The Imagist movement was a further development of Western modernism. A reaction against the ‘Romantic literary theory’ of the late eighteenth and early nineteenth centuries, the Imagist poets were influenced by the French Symbolists and the writings of T. E. Hulme who began the movement in 1908 (Poetry Foundation, 2009, pp. 1-2).
However, where the Symbolists ‘sought escape into the self-enclosed form, the poem as a verbal (and semi-musical) event, resonating with suggestion, brilliant evocative,’ the Imagists sought to escape enclosed forms, emphasising the visual rather than aural, in the direct treatment of ‘things, images, colours, sounds, scents’ in their poetry (Stead, 1986, pp. 34-39). The brevity and imagery so integral to Japanese haiku provided a fundamental shift for the Imagists poets including Amy Lowell, William Carlos Williams, and Ezra Pound who acknowledged the influence of haiku in his essay on Vorticism in 1914 (Hakutani, 2009, p. 69). Pound was a central figure in the Imagist movement, publishing his manifesto in 1912 (Rothenberg and Joris, 1995, p.156).
Another influence on Pound may have been the work of Japanese poet Yone Noguchi, who moved to San Francisco in 1893, who was well-known, and who had corresponded with Pound as early as 1911, sending him two volumes of his own ‘English’ poems, The Pilgrimage, (1908, 1909), (Hakutani, 2009, pp. 69-74; Poetry in Voice, 2011).
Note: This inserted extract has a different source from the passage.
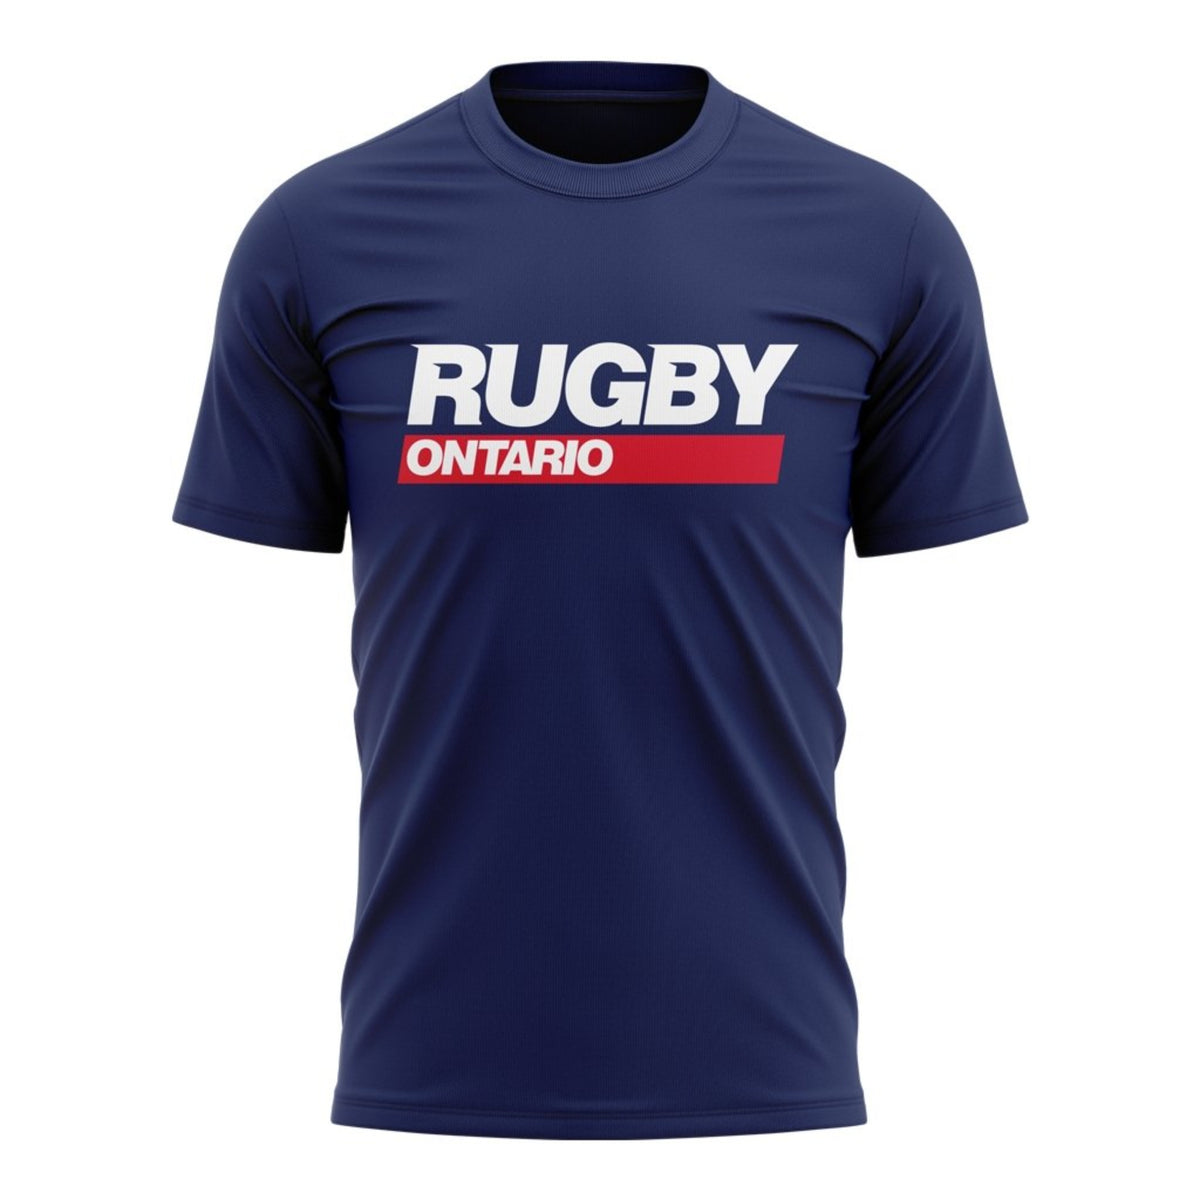 Rugby Ontario &quot;Statement&quot; Tee - Men&#39;s - www.therugbyshop.com www.therugbyshop.com MEN&#39;S / NAVY / XS XIX Brands TEES Rugby Ontario &quot;Statement&quot; Tee - Men&#39;s

Pound was a central figure during this period, involved in both the Symbolist and Imagist movements. Metro, begun in 1914 and finalised in 1916 is an example of the influence of haiku in Pound’s work (Hakutani, 2009, pp. 70-71).
The apparition of these faces in the crowd:
Petals on a wet, black bough.
In this poem Pound demonstrates the clear, concrete treatment of the image through the juxtaposition of two seemingly disparate statements, to create an association which intensifies both images using the traditional haiku technique of simile (Reichhold, 2008, p. 399).
However, Metro drew criticism from American poet Kenneth Rexroth. In his essay, The Influence of Classical Japanese Poetry, Rexroth likened Metro to the more sentimental poetry of the Edo period (Hamill, p. viii), when Japan had opened its borders to the West and was in turn being influenced by Western literature, one contemporary form being Romanticism. It is true that Metro, considered imagist in Western poetic terms, leaves much to be desired when critiqued in haiku terms. The poem is heavy and didactic. There are no ‘spark gaps’ and it lacks the elegance, subtly and open nature of true haiku technique.
William Carlos Williams, another of the ‘principal poets’ of the Imagist movement, uses language in a similar imagist manner in his poem The Red Wheelbarrow, (appendix: 1), treating the ‘thing’ in concrete and starkly visual terms (Rosenthal, 1994, pp. 1-2). The poem is almost painterly in the ‘red’ of the wheelbarrow, a humble contraption when juxtaposed to the ‘white’ of the chickens (Hollander, 2013, p. 1).